A potential use for such a panel of copy number alterations would be as FISH biomarkers on diagnostic biopsies to identify more effectively patients suitable for active surveillance, ultimately improving the pretreatment prognostication given that accurate Gleason grade on biopsies can be challenging to obtain. PTEN deletion detected in prostate needle biopsies of Gleason score 6 (grade group 1) has been shown to be associated with upgrading to Gleason score 7+ (grade group 2 and up) at radical prostatectomy [40], which suggests that molecular biomarkers may overcome some of the limitations associated with the standard histopathologic evaluation of biopsy specimens. Whether the improved patient risk stratification afforded by combining PTEN/16p13.3 in our study would hold true in biopsy specimens from an active surveillance cohort remains to be demonstrated.

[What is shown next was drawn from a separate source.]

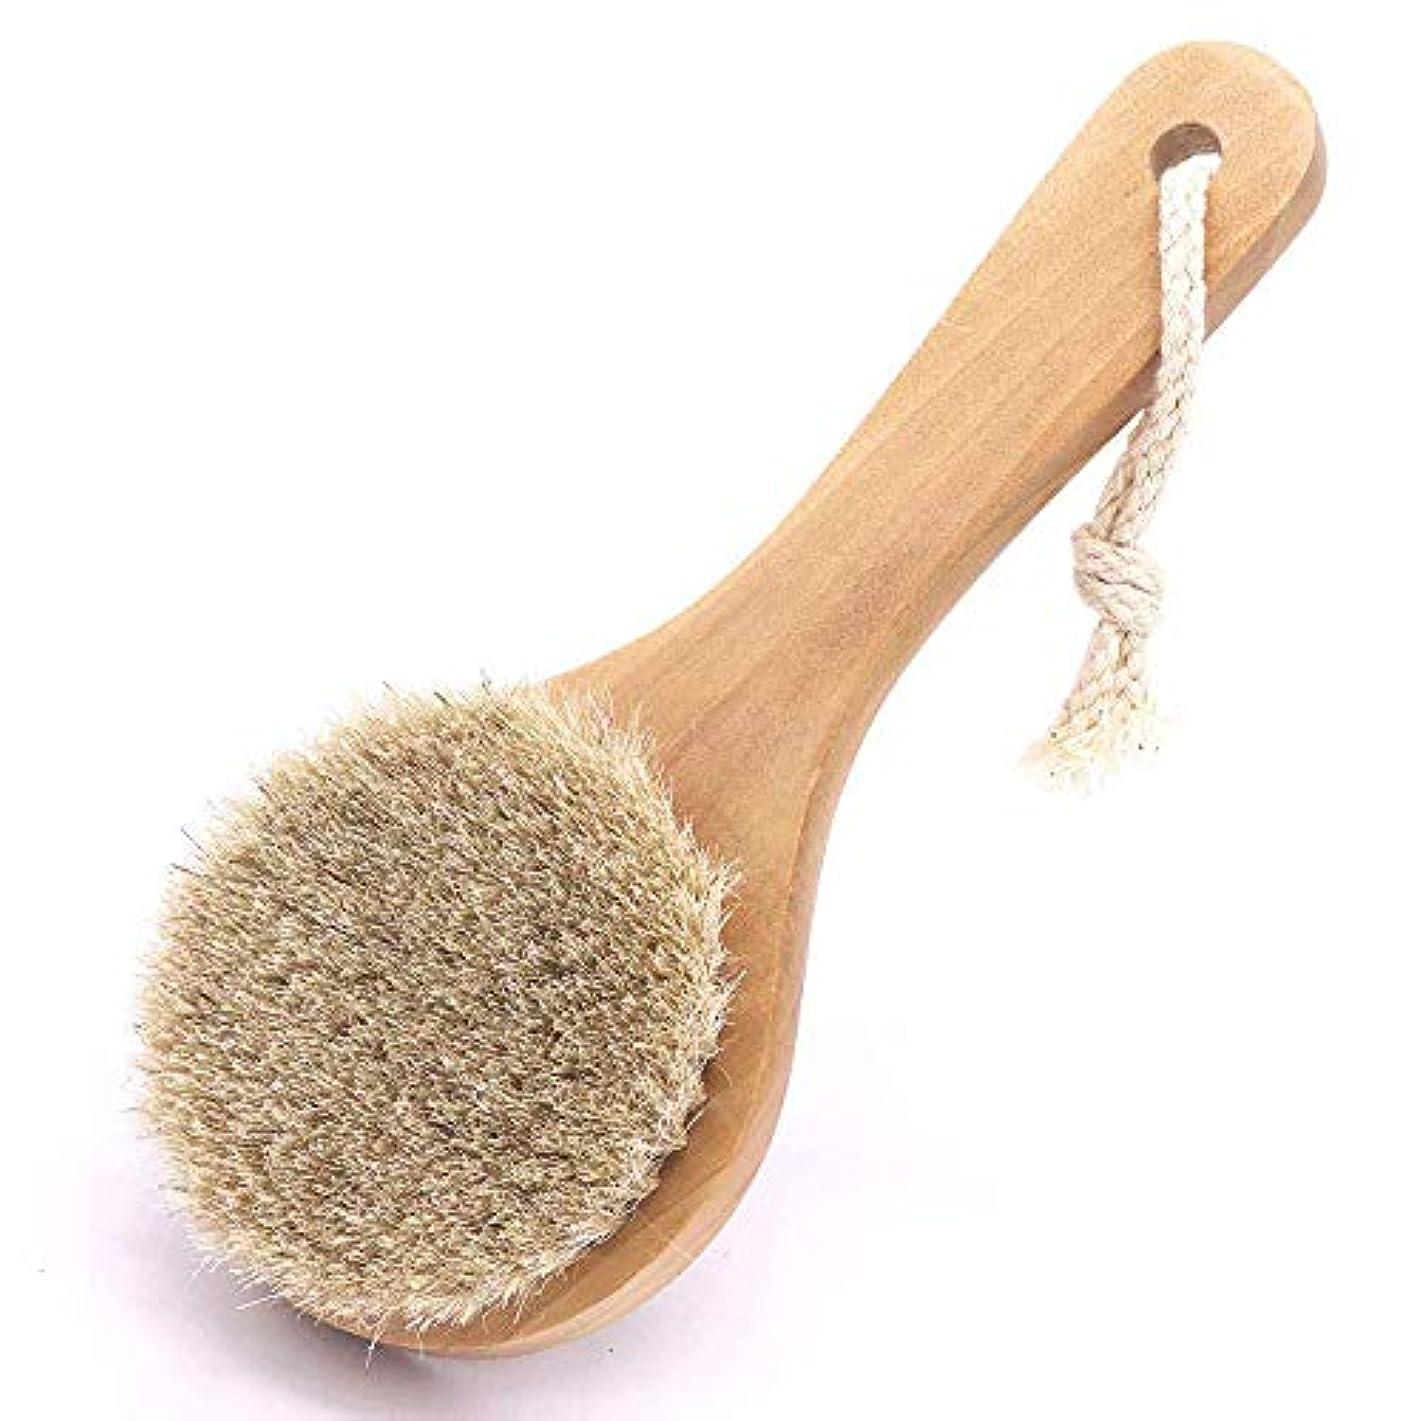 一疑い者リスキーな馬毛ボディブラシ 木製 短柄 足を洗う お風呂用 体洗い 女性 角質除去 柔らかい 美肌 馬毛ボディブラシ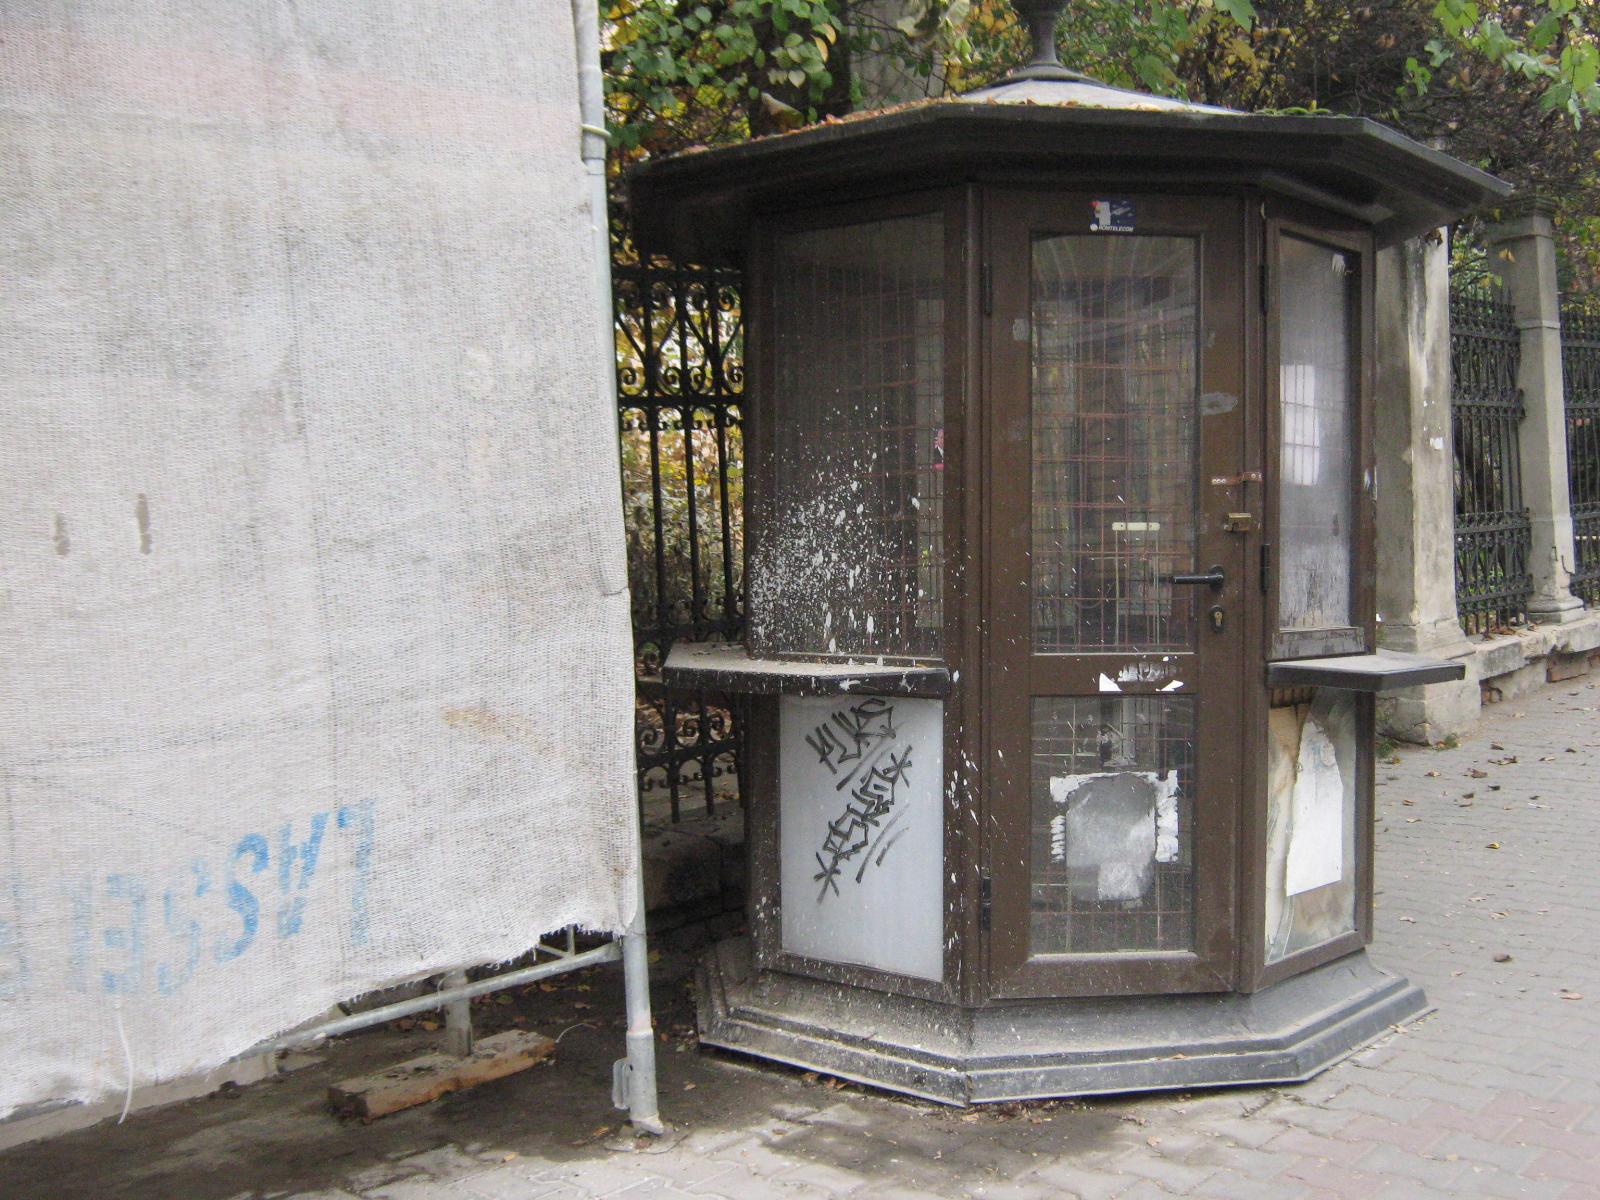 Tonete de ziare abandonate şi cabine telefonice mizerabile zac în centrul oraşului. FOTO

FISH is regarded as the gold standard for the assessment of copy number alterations in tissue specimens owing to its ability to delineate specific genomic events with a spatial resolution facilitating a sensitive evaluation of individual cancer foci at a single-cell level [41, 42]. Assessing the expression of encoded proteins by immunohistochemistry is considered as an alternative approach to capture the prognostic value associated with copy number alterations. Previous PTEN immunohistochemistry assays applied to large cohorts have yield variable results in terms of outcome prediction and correlation with FISH [14, 43]. An improved PTEN immunohistochemistry assay was applied recently to one of the cohorts previously analyzed by immunohistochemistry and FISH mentioned above [14] and the authors reported a sensitivity of 83% and 67% to respectively detect homozygous and hemizygous deletion [44]. While PTEN protein loss assessed by immunohistochemistry was associated with increased risk of biochemical recurrence, a further risk stratification was achieved by combining FISH with immunohistochemistry results, substantiating the enhanced value of PTEN FISH in outcome prediction. Future studies comparing both FISH and immunohistochemistry on additional cohorts, including ours, would be important to confirm these observations.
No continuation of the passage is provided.